An element of play is essential to Ivul, the latest fable from exiled Brit director Andrew Kötting. The Ivuls are a French family of Russian extraction who live in secluded bliss in the Pyrenean countryside. A little too secluded, it turns out, judging from the growing attraction between siblings Alex (Jacob Auzanneau) and Freya (Adélaïde Leroux).

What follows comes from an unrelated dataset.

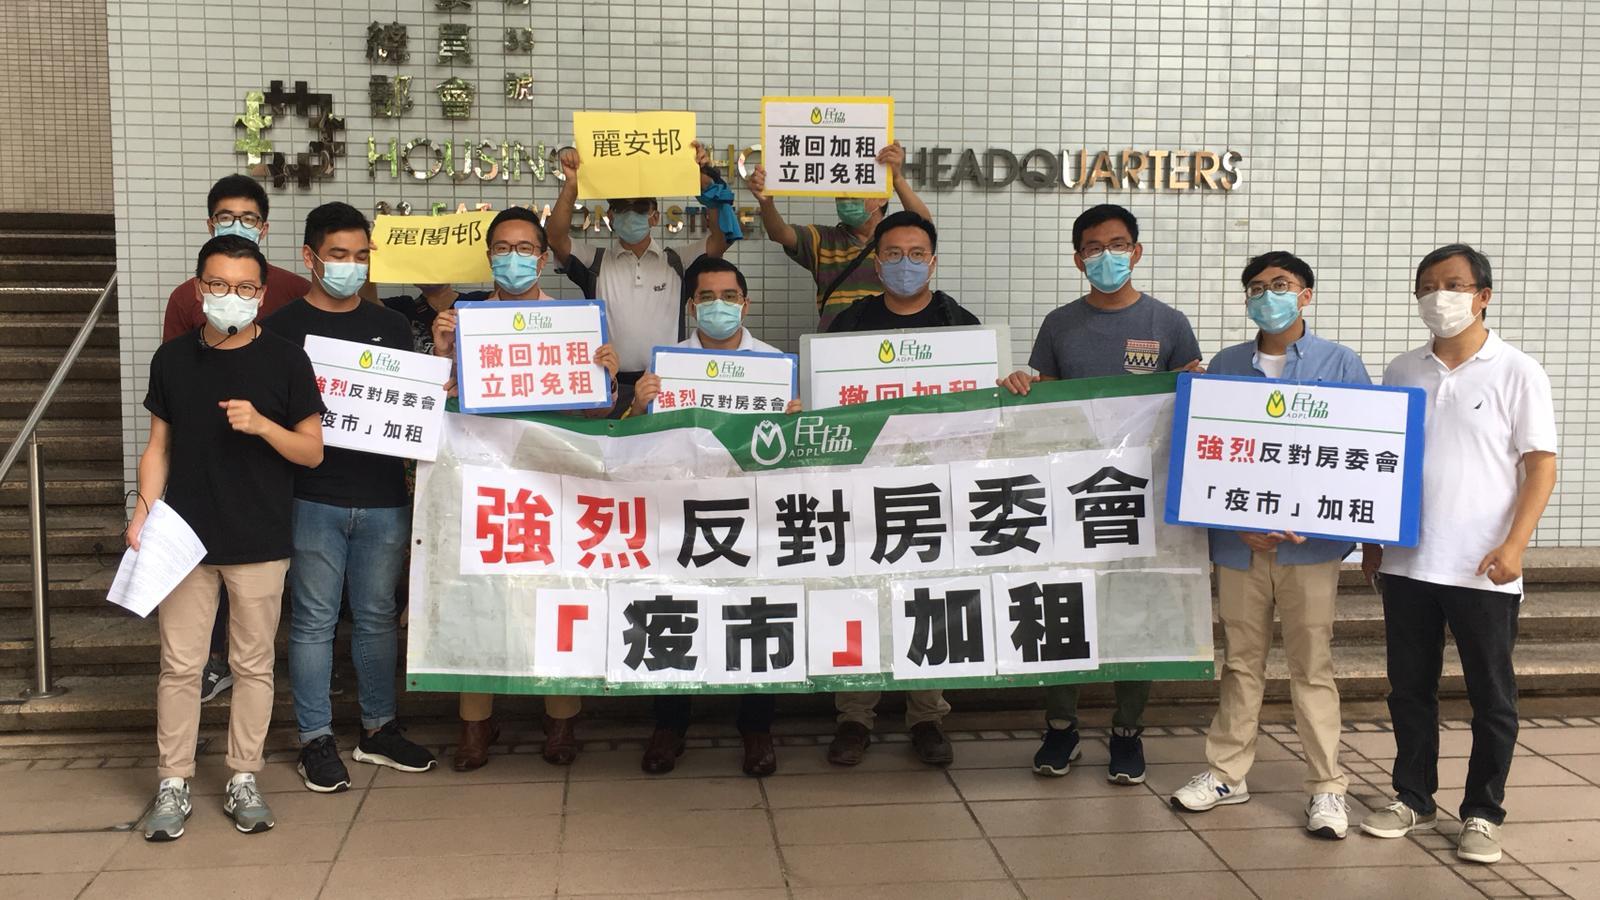 6月24日,民協在房委會前請願,反對公屋加租。(Ivan/大紀元)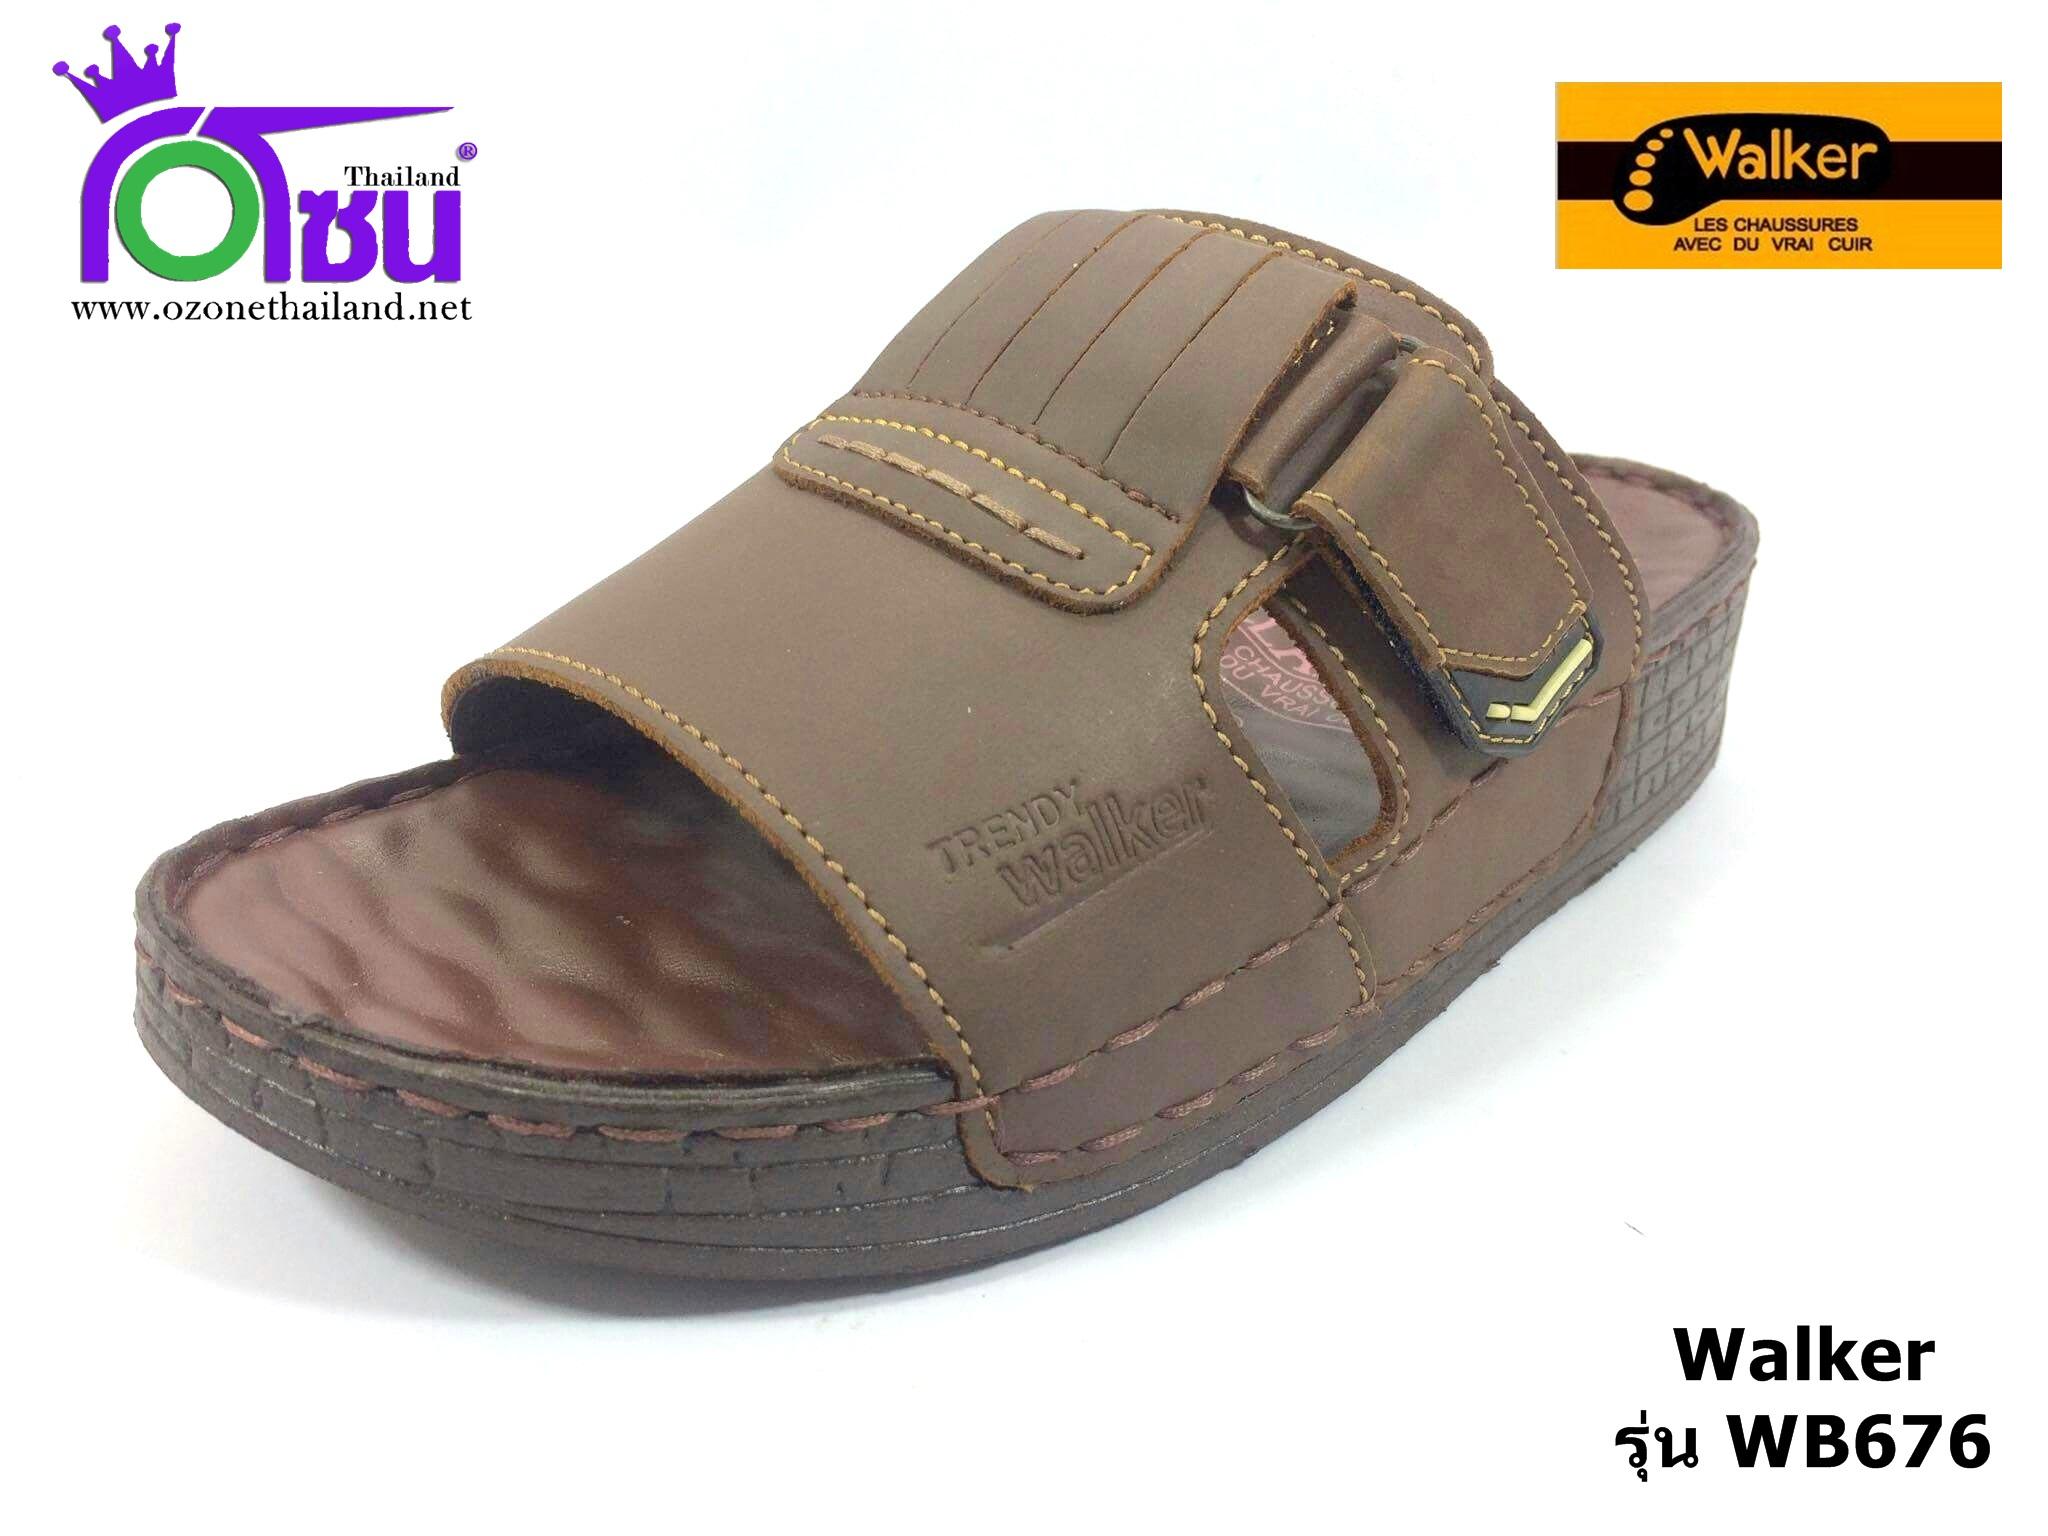 รองเท้า Walker วอคเกอร์ รุ่น WB676 สีน้ำตาล เบอร์ 40-45

When the pair's overbearing papa (Jean-Luc Bideau) finds them in a compromising position - the consequence of a relatively innocent parlour game involving Alex blowing raspberries on Freya's stomach - the son is banished. "Get off my land," pop commands: words Alex takes quite literally, scaling the walls of the family home and vowing never to come down again, instead manoeuvring his way through the surrounding tree branches and rummaging through bins to find food and materials for shelter.
The film is thus an extension of that childhood game - referenced in the opening compilation of archived pastimes - in which players strive to keep themselves off the ground by whatever means for as long as they possibly can: the type of pursuit that can manifest itself in later life as a penchant for free running. It's certainly a fully physical performance from young Auzanneau, who uses Kötting's narrative framework as an opportunity for his own personal, eco-friendly high-wire act: part Philippe Petit, part Swampy. In a week without an obvious blockbuster, Ivul might be as close as the cinema gets to an action movie, the camera zooming in whenever it looks as though Alex's feet might touch la terre.
By inserting reversed and accelerated stock footage, Kötting teases out the thematic implications of such a game: the idea of a Fall, in particular, with Alex as the figure cast out from an earthly paradise for succumbing to his desires. (Lest we forget, Kötting's daughter - and co-star in his earlier film Gallivant - was christened Eden.) With his mane of white hair and bluff-to-commanding demeanour, Bideau could well pass for a God (or for the round-bellied financiers who've sent Kötting himself on the run) - though he, too, is eventually obliged to revert to an infantilised state, being spoonfed babyfood after falling victim of a stroke; the second half makes great play out of the fact the patriarch ends up locked in (inside his own body), where his heir has been locked out.
Kötting, of course, is not the only British filmmaker to have obliquely dramatised the state of exile they've found themselves in: the heroine of Peter Strickland's Katalin Varga, from last year, was driven from her community and harried and harassed across the Carpathian mountains, left in an untenable position. As avatars for directors out of favour go, however, Alex seems a sturdier and more resourceful sort; up until Ivul's last-reel inferno - Kötting turning the screen over to hellfire - this bizarro, highly textured effort makes going off the map appear really rather fun.
Ivul is available on DVD from Monday.